Of course I am getting the Eval Text which is fine, but all the other control characters and FORMTEXT specifiers shouldn’t be there, should they? All I way expecting was the clear text Eval Notice and the text “Original Text”.

Hi Kai,

We did not promise your original code that works for MS Word will work without any changes. Let’s work together to finalize the solution.

\r - this is end of paragraph character

\a - this is \x0007 and means end of cell or end of row character \x000c - end of section character

Then, your “Original Text” is actually a value inside a text input form field. In MS Word documents, fields are stored as text just inside the document. Basically, what you have is:

\x0013 - field start character

\x0014 - field separator

\x0015 - field end character

field code field value

\x0013 FORMTEXT \x0014Original Text\x0015

As you can see, it is easy for you to filter our \r or \a or other unwanted characters, just use string.Replace for that.
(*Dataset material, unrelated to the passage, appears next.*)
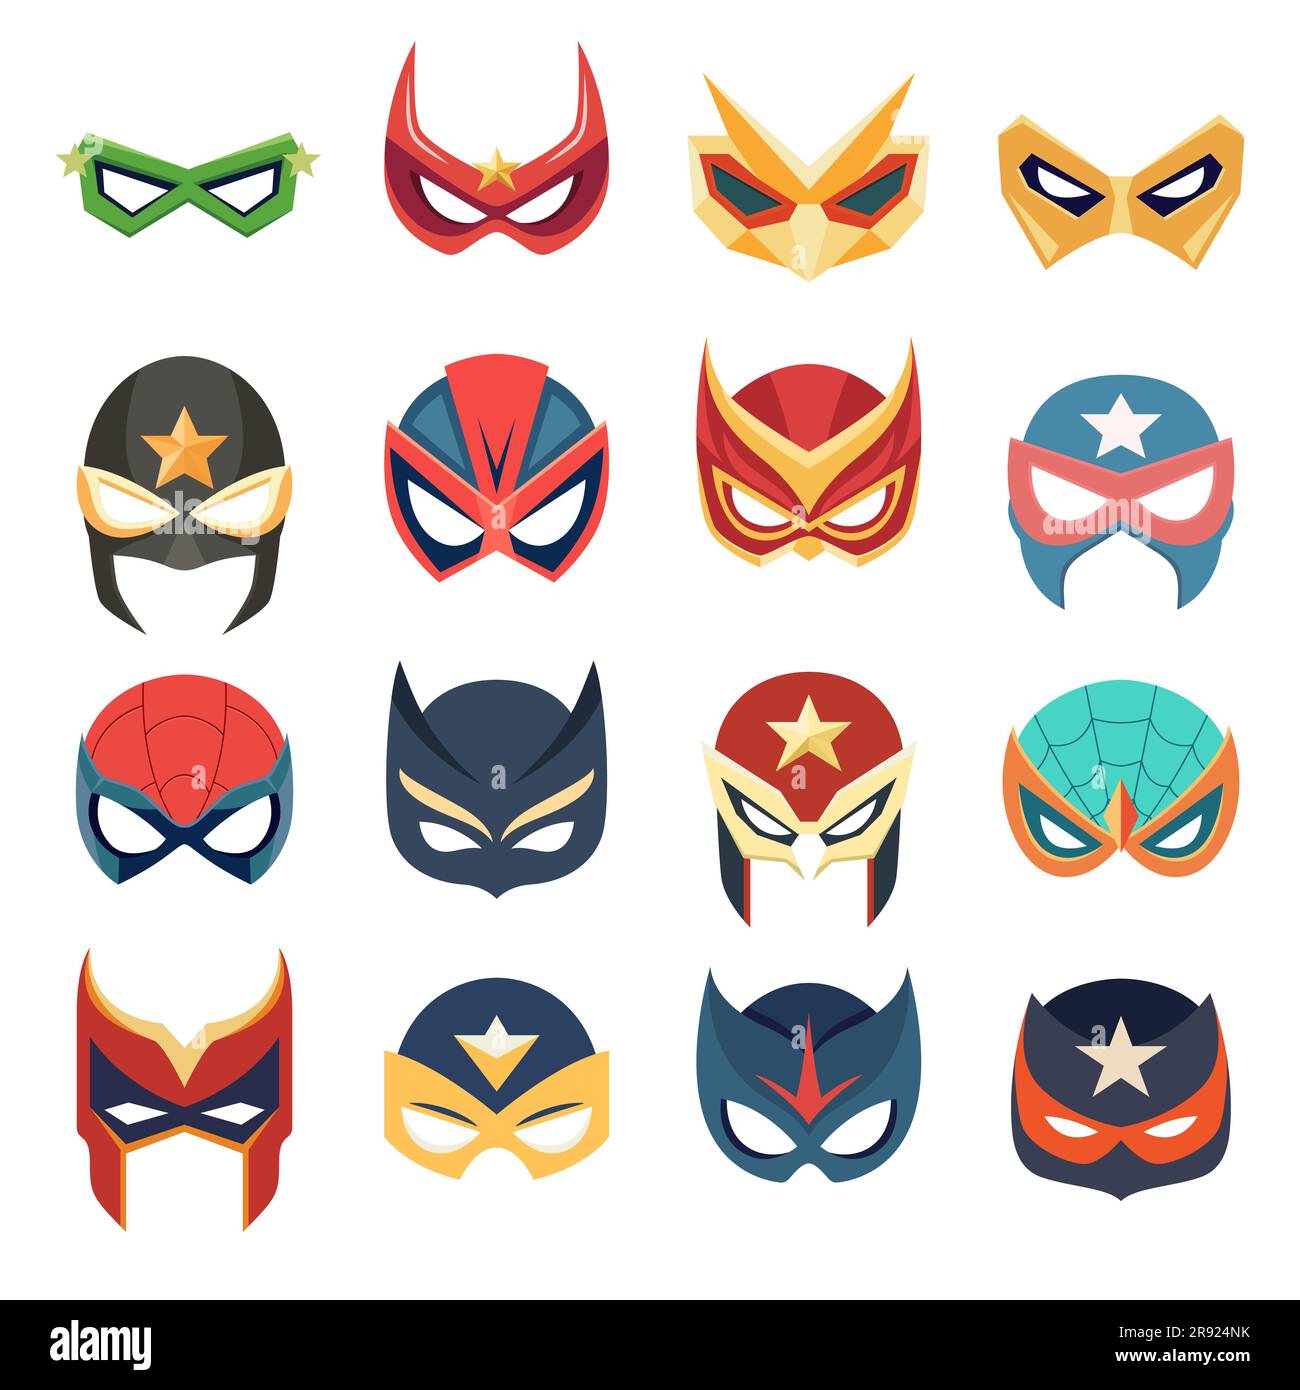 https://c8.alamy.com/compes/2r924nk/vector-super-hero-mascaras-set-en-estilo-plano-personaje-de-la-cara-superheroe-comic-book-mask-coleccion-accesorios-para-fotos-de-superheroes-mascaras-de-mujeres-y-hombres-carnaval-2r924nk.jpg

To filter out field codes and field character, one needs to implement a simple state machine that could work like this:

if got field start character

isExtracing = false

if got field separator

isExtracting = true

To avoid searching for field start/end/separator characters inside the strings, I can add special methods to IDocumentVisitor such as FieldStart, FieldSeparator and FieldEnd. But this will be merely a cosmetic and you will still need a simple state to skip field codes.

Roman,

that’s perfectly fine for me. I just didn’t know how to interpret the various control sequences and characters. Now that I know I’ll try and dig my way through to the actual text that I’m interested in.

Thanks very much again.

I’ll do some further testing (also with regards to Aspose.Pdf) and we’ll see what comes next

Regards

Kai

Roman,

yes, of course, I was able to correctly extract the text from the field et al.
It would be really nice to have some sort of class that holds commonly used control chars/sequences in order to be able to perform searches based on constants rather than the “cryptic” hex-character sequences Or, following your suggestion, have methods that determine whether a given string contains control characters/sequences of a given kind.
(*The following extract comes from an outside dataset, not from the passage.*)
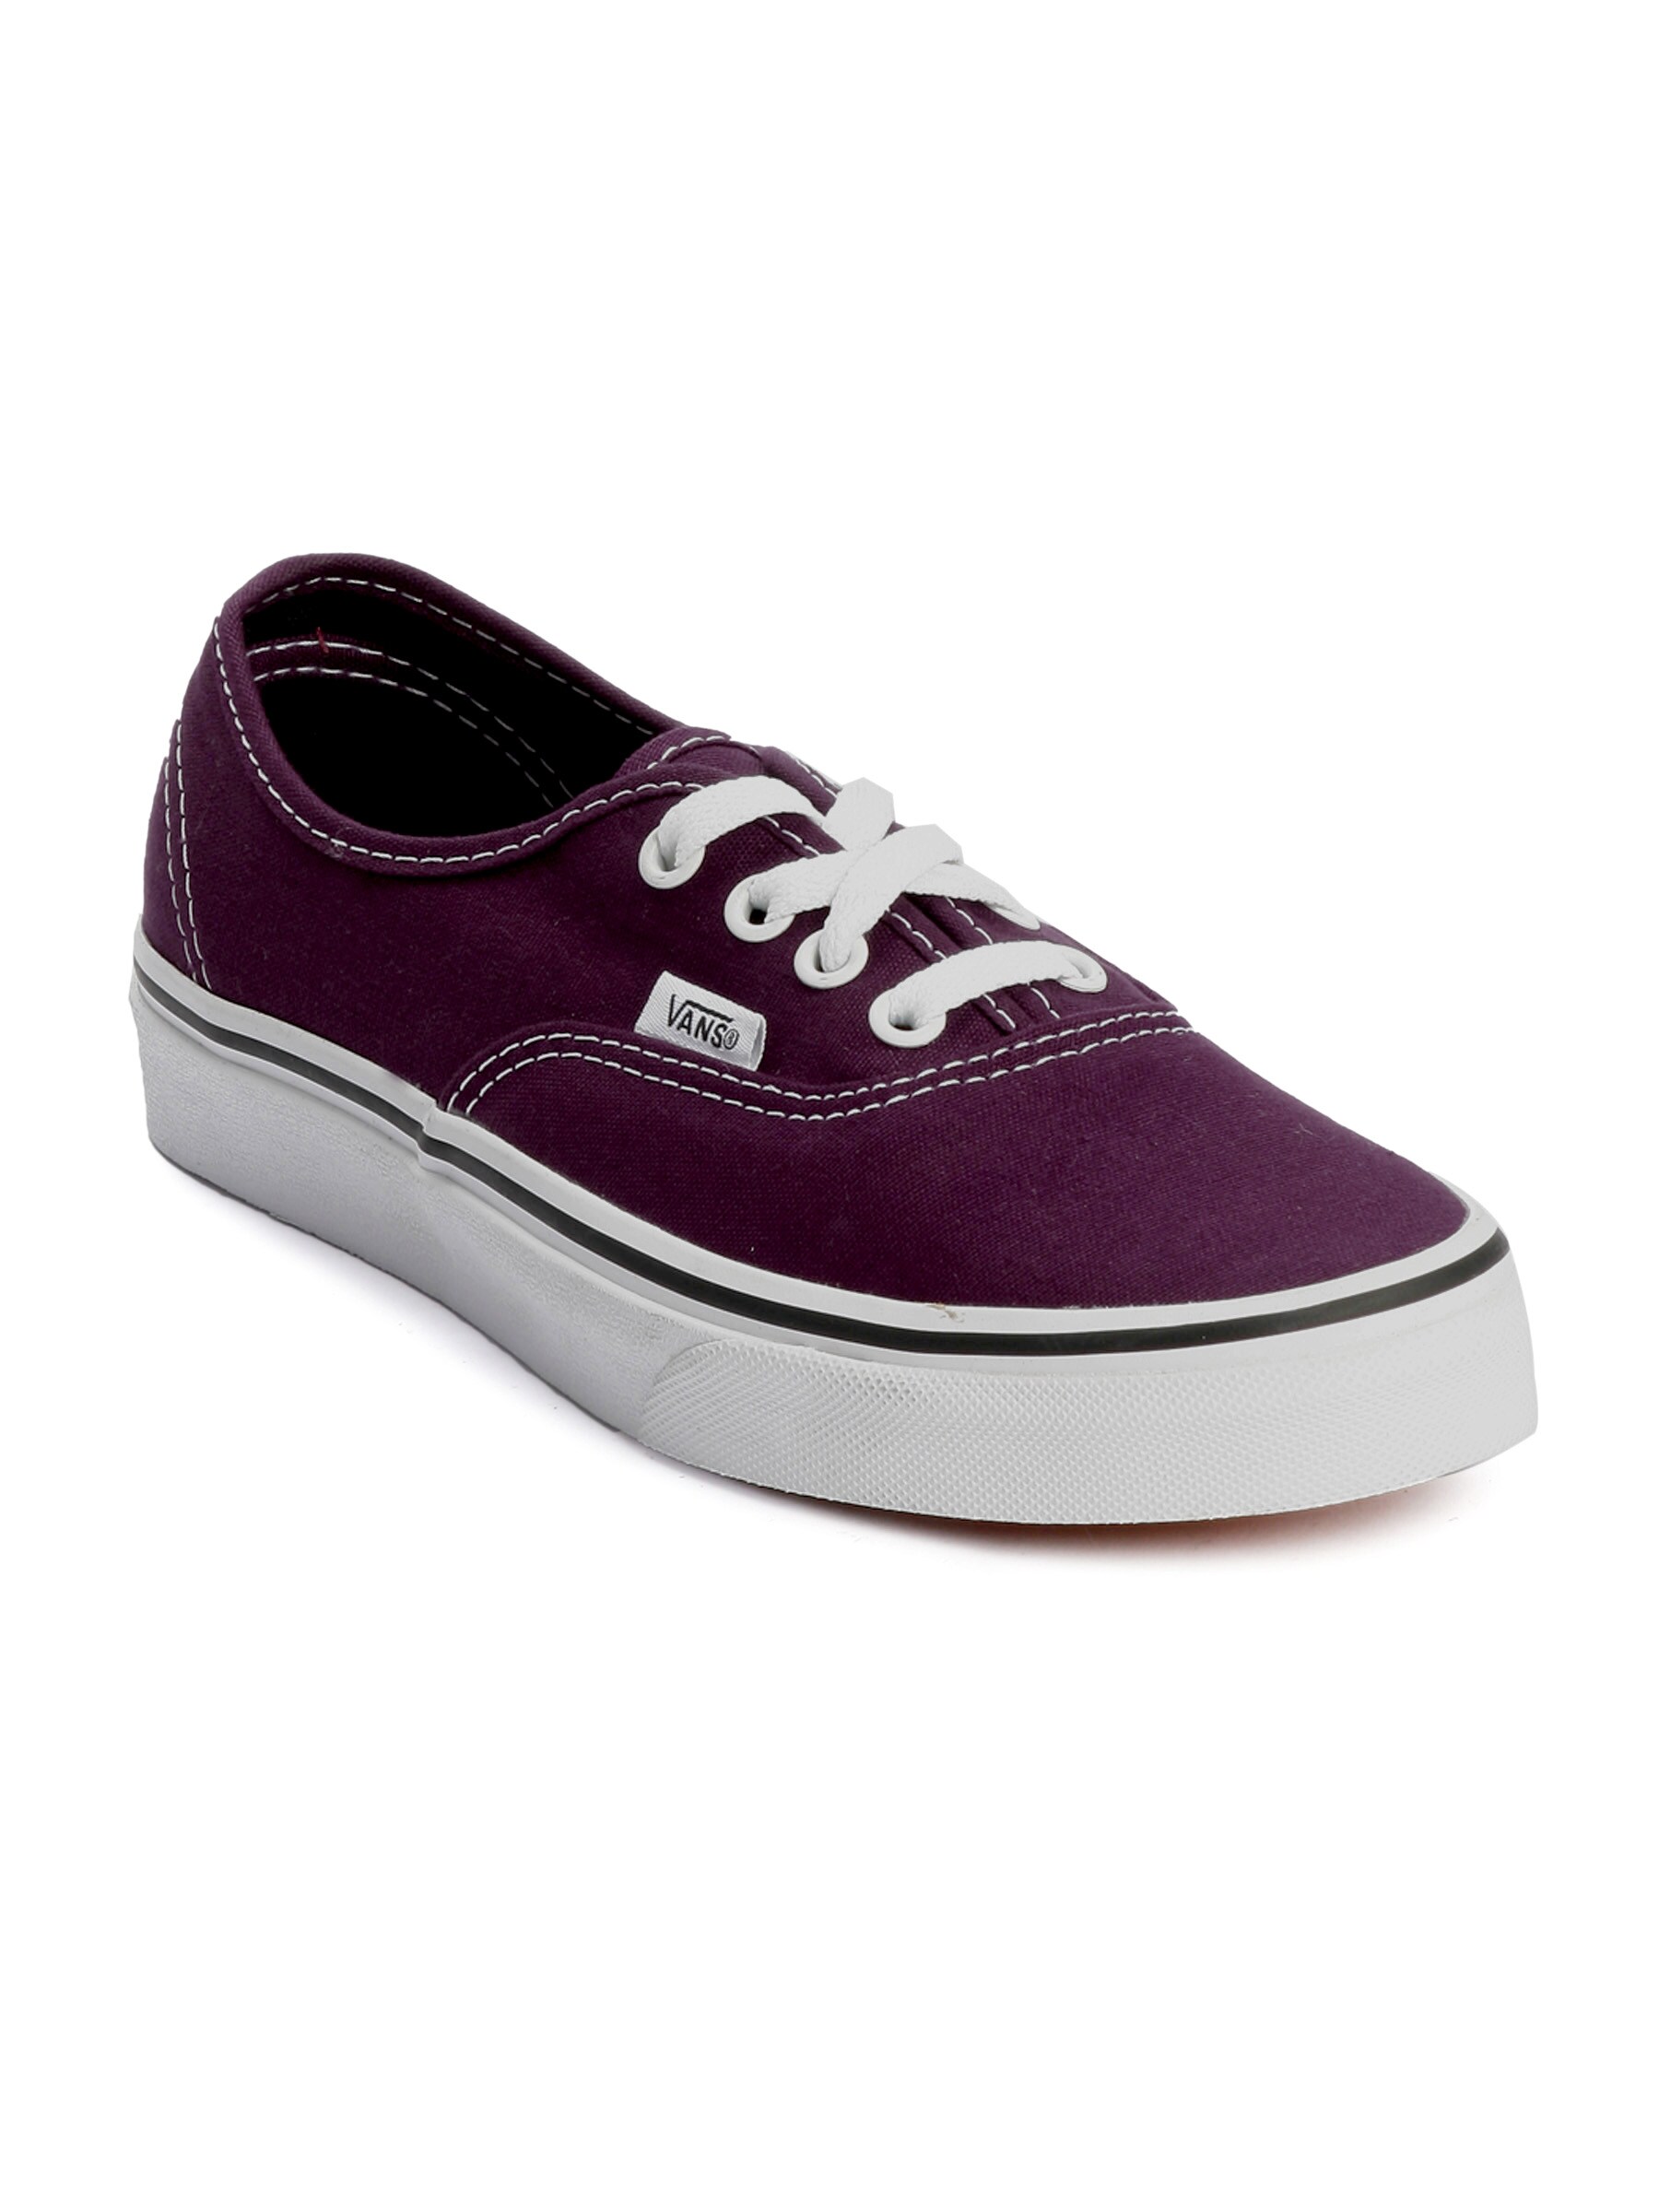 Vans unisex Authentic Purple Casual Shoes

However, what I noticed with a generated Word document is the following: When I open the document in Word 2002 and attempt to save it, Word loops forever.
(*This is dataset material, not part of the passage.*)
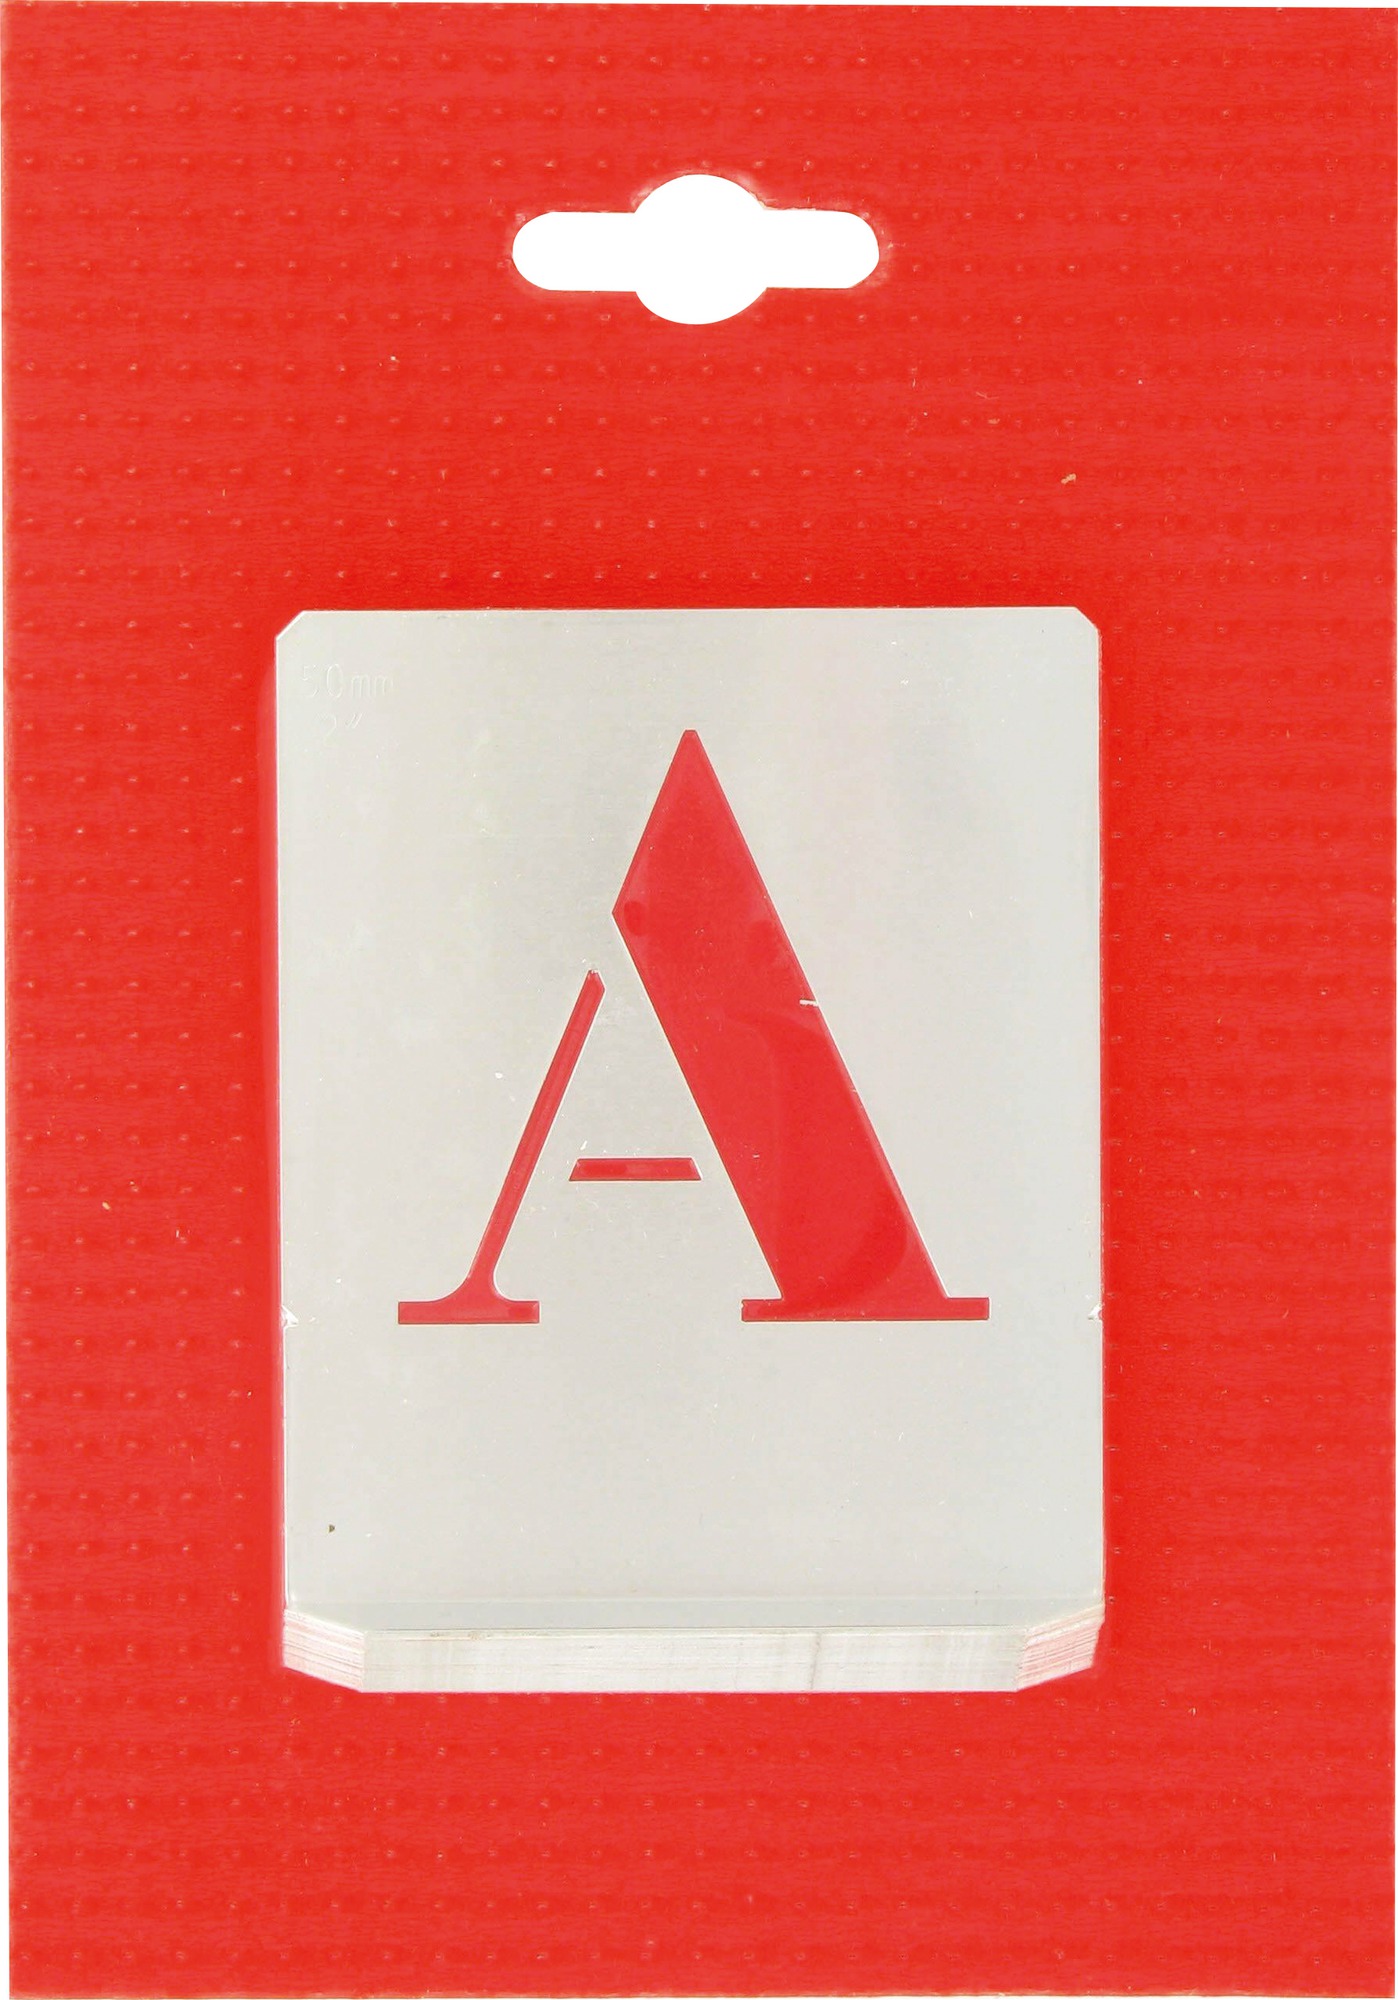 Jeu de lettres pochoirs alphabet aluminium ajouré Uny - Dimensions 50 mm

I will send you the Word document in a seperate email.

Regards

Kai

What exactly do you do to reproduce the problem when saving the document in MS Word?

I can save it okay. I just click the Save toolbar icon. I’ve also tried Save As command.

Roman,

I simply open up the document (note: it has been generated using the test app I sent you earlier) and hit Ctrl-S, Toolbar button, Menu Item. Whatever I do, Word enters infinite loop state chewing up 100% of CPU.

I’m using Word 2002 SP 2 German.

Regards

Kai

I’ve tried it on Word XP SP1 (which is Word 2002 I presume) and SP3 as well (could not get SP2 installed). Also tried on Word 2000. It’s English of course, not German. Not sure if I have German version around handy, but I’ll have a look. Sorry I could not solve this quickly.

In general, the way we try to resolve such things is to gradually remove some elements from the document (in your case from the original template) and then see if the problem disappears. This gives an idea what document element causes the problem and then we can work on it.

Roman,

sorry, but I totally forgot that the Document contains some Macro that gets called when saving the document. There was a bug in the macro that seemed to show up the first time I tried it with the Aspose.Word generated document. I have now implemented a work around/fix for this bug and it works like charm.

Thanks for your help. I will now continue evaluating/testing the component

Regards

Kai

Roman,

going further with my testing I found out that the document opens as an OLE object in Word 97 rather than a real Word 97 document. Did you skip the native Word 97 support in the meantime?

…or is it just that I’m missing anything again?

Regards

Kai

Not sure what do you mean opens as OLE object? Ok, I’ll try opening the document in MS Word 97.